* **Work request**
Please copy the lines below exactly, from the first one through the line showing "エール相続人受け皿[Maysky] レースアップ 花柄".

- - - - -

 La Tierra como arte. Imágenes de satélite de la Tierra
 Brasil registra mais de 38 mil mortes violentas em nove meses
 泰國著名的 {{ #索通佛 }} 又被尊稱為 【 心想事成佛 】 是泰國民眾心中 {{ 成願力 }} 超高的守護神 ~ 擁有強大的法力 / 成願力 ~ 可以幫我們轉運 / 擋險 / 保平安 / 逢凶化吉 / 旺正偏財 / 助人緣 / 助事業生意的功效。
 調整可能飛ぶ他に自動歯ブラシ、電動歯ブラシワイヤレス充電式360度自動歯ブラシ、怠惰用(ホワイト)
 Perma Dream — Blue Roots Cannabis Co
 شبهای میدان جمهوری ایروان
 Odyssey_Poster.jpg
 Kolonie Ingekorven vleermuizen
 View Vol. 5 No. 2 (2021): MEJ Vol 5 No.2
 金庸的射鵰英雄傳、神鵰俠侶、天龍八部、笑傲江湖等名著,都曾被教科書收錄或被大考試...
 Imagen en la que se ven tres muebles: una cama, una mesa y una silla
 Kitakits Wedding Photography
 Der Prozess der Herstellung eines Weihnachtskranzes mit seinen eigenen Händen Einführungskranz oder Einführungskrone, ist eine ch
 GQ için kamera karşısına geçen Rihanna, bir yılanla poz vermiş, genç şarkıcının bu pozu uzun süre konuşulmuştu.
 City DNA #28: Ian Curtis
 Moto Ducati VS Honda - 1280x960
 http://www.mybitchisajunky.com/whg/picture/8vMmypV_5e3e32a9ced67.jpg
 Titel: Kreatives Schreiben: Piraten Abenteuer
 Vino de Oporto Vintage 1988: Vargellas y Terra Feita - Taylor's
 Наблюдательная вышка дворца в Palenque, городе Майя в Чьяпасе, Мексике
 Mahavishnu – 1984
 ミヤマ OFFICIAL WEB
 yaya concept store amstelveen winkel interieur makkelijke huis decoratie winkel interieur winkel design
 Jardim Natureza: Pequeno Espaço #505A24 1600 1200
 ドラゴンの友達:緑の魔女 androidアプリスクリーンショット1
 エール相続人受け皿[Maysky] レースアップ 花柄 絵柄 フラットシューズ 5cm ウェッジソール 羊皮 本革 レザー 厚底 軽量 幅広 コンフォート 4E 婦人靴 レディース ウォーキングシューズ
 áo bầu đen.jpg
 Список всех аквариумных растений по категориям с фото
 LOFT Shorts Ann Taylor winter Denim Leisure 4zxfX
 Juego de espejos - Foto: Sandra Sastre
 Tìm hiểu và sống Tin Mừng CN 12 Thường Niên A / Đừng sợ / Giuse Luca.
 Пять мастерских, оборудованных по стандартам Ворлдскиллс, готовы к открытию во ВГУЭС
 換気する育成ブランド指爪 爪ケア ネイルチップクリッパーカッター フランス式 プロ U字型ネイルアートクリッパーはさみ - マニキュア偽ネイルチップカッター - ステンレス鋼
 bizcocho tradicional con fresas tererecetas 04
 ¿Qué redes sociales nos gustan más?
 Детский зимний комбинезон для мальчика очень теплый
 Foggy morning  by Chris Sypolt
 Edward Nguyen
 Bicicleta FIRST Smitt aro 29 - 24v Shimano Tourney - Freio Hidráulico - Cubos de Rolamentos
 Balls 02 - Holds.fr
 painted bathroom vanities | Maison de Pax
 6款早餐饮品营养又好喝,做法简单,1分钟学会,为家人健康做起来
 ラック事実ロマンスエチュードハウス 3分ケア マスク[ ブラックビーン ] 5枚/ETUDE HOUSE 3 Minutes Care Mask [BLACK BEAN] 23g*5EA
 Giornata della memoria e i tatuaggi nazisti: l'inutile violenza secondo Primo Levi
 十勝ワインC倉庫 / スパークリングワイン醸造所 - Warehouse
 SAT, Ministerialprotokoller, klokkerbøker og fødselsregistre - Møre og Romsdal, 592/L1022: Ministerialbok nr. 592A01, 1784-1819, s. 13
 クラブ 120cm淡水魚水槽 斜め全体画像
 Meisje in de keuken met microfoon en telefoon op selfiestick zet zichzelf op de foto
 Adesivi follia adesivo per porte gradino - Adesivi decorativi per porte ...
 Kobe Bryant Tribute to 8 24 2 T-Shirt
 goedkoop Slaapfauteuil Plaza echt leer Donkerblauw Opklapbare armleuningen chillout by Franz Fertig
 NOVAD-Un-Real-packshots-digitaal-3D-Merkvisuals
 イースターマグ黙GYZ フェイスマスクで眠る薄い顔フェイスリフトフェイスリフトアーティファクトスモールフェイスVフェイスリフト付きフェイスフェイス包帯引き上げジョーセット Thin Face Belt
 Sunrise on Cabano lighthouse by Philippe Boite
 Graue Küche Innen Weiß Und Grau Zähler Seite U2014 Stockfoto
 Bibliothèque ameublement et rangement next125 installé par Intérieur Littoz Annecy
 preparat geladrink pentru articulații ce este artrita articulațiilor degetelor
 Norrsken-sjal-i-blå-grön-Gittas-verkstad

- - - - -

* **Result for this exercise**
 La Tierra como arte. Imágenes de satélite de la Tierra
 Brasil registra mais de 38 mil mortes violentas em nove meses
 泰國著名的 {{ #索通佛 }} 又被尊稱為 【 心想事成佛 】 是泰國民眾心中 {{ 成願力 }} 超高的守護神 ~ 擁有強大的法力 / 成願力 ~ 可以幫我們轉運 / 擋險 / 保平安 / 逢凶化吉 / 旺正偏財 / 助人緣 / 助事業生意的功效。
 調整可能飛ぶ他に自動歯ブラシ、電動歯ブラシワイヤレス充電式360度自動歯ブラシ、怠惰用(ホワイト)
 Perma Dream — Blue Roots Cannabis Co
 شبهای میدان جمهوری ایروان
 Odyssey_Poster.jpg
 Kolonie Ingekorven vleermuizen
 View Vol. 5 No. 2 (2021): MEJ Vol 5 No.2
 金庸的射鵰英雄傳、神鵰俠侶、天龍八部、笑傲江湖等名著,都曾被教科書收錄或被大考試...
 Imagen en la que se ven tres muebles: una cama, una mesa y una silla
 Kitakits Wedding Photography
 Der Prozess der Herstellung eines Weihnachtskranzes mit seinen eigenen Händen Einführungskranz oder Einführungskrone, ist eine ch
 GQ için kamera karşısına geçen Rihanna, bir yılanla poz vermiş, genç şarkıcının bu pozu uzun süre konuşulmuştu.
 City DNA #28: Ian Curtis
 Moto Ducati VS Honda - 1280x960
 http://www.mybitchisajunky.com/whg/picture/8vMmypV_5e3e32a9ced67.jpg
 Titel: Kreatives Schreiben: Piraten Abenteuer
 Vino de Oporto Vintage 1988: Vargellas y Terra Feita - Taylor's
 Наблюдательная вышка дворца в Palenque, городе Майя в Чьяпасе, Мексике
 Mahavishnu – 1984
 ミヤマ OFFICIAL WEB
 yaya concept store amstelveen winkel interieur makkelijke huis decoratie winkel interieur winkel design
 Jardim Natureza: Pequeno Espaço #505A24 1600 1200
 ドラゴンの友達:緑の魔女 androidアプリスクリーンショット1
 エール相続人受け皿[Maysky] レースアップ 花柄 絵柄 フラットシューズ 5cm ウェッジソール 羊皮 本革 レザー 厚底 軽量 幅広 コンフォート 4E 婦人靴 レディース ウォーキングシューズ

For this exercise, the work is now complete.